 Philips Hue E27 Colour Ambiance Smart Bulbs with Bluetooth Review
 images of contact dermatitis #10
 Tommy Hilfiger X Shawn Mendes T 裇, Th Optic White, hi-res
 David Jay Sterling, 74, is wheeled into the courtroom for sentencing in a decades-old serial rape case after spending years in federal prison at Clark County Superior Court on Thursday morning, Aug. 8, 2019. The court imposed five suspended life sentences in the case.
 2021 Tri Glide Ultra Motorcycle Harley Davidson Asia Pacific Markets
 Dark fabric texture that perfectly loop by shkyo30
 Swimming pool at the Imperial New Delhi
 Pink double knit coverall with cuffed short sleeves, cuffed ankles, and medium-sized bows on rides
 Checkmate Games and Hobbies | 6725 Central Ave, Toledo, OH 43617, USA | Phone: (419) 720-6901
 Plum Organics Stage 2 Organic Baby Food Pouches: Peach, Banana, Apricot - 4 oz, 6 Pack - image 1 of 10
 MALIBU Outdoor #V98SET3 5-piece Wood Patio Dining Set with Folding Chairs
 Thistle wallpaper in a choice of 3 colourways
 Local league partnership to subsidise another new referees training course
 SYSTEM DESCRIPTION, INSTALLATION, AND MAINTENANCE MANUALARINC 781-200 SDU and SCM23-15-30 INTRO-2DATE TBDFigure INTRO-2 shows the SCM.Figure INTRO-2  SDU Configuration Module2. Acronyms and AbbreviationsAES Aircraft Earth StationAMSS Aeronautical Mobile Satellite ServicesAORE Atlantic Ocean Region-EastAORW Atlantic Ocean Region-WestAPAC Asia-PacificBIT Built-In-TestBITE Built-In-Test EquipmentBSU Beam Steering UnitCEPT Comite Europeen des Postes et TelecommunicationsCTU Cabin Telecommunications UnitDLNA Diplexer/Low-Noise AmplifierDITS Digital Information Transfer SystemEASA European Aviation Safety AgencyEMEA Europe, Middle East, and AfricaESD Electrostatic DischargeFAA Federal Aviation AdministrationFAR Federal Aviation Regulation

* Work to complete
Quote exactly the first line of the entries and every line after it, stopping with the line that contains "Local league partnership".

* Final answer
 Philips Hue E27 Colour Ambiance Smart Bulbs with Bluetooth Review
 images of contact dermatitis #10
 Tommy Hilfiger X Shawn Mendes T 裇, Th Optic White, hi-res
 David Jay Sterling, 74, is wheeled into the courtroom for sentencing in a decades-old serial rape case after spending years in federal prison at Clark County Superior Court on Thursday morning, Aug. 8, 2019. The court imposed five suspended life sentences in the case.
 2021 Tri Glide Ultra Motorcycle Harley Davidson Asia Pacific Markets
 Dark fabric texture that perfectly loop by shkyo30
 Swimming pool at the Imperial New Delhi
 Pink double knit coverall with cuffed short sleeves, cuffed ankles, and medium-sized bows on rides
 Checkmate Games and Hobbies | 6725 Central Ave, Toledo, OH 43617, USA | Phone: (419) 720-6901
 Plum Organics Stage 2 Organic Baby Food Pouches: Peach, Banana, Apricot - 4 oz, 6 Pack - image 1 of 10
 MALIBU Outdoor #V98SET3 5-piece Wood Patio Dining Set with Folding Chairs
 Thistle wallpaper in a choice of 3 colourways
 Local league partnership to subsidise another new referees training course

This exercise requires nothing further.